I'm curious. I know this won't map perfectly but we're so far apart from each other that perhaps we can get some kind of reasoning analog for better understanding. To those that feel that alignment is a mandatory nexus for D&D Paladin play, which of the following game adjudication dynamics is "most" (not perfect) fitting with respect to your position of hard-coded alignment and GM ethos arbitration:
1 - A professional sports organization's drug testing policy whereby positives yield fine > suspension without pay > ban.
2 - A soccer referee's yellow card/red card protocol for rules violations.
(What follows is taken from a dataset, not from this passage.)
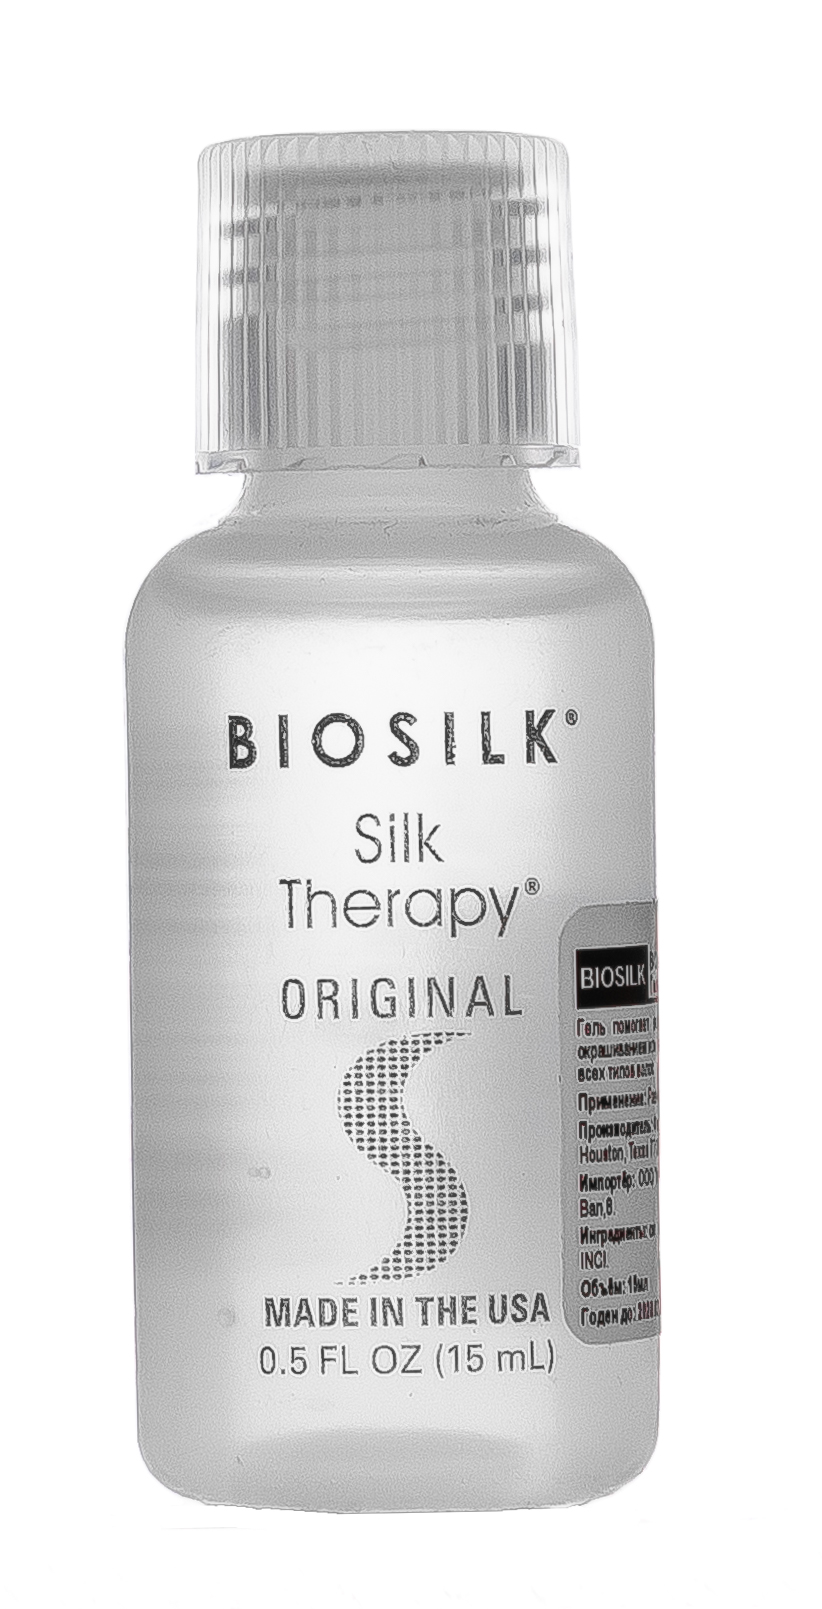 Гель для волос Biosilk Silk Therapy Original увлажняющий 15 мл спрей для волос biosilk

3- A coach's training camp and in-season evaluation that yields game-plans, starting lineups and overall playing time.
1. Easily.
To me the alignment restrictions on paladins LIMIT dm abuse. We all have different moral codes. Recent TV shows like the shield, 24 and walking dead bring this out publicly the way that gaming groups have done privately since 1e. People who all consider themselves "good" with good intentions approach conflict with evil in very different ways and with very different priorities.
Some people will accept varying degrees of evil to achieve their ends and some people see no evil at all in actions as long as they achieve a good result.
So long as we have magical powers that rely on good or evil someone must be the arbiter of what is or is not good and evil. Else they lose their flavour and dramatic weight.
Some games leave that up to the player to justify or use metagame resources to make his personal good into objective "good" that qualifies. Some games leave it totally up to the GM, and some games like traditional D&D give a strong guideline and then leave the fine details up to the GM.
To me the third way is better. None of the ways are without serious potential flaws but the 3rd way avoids the most out of game conflict and in game immersion breaking insanity.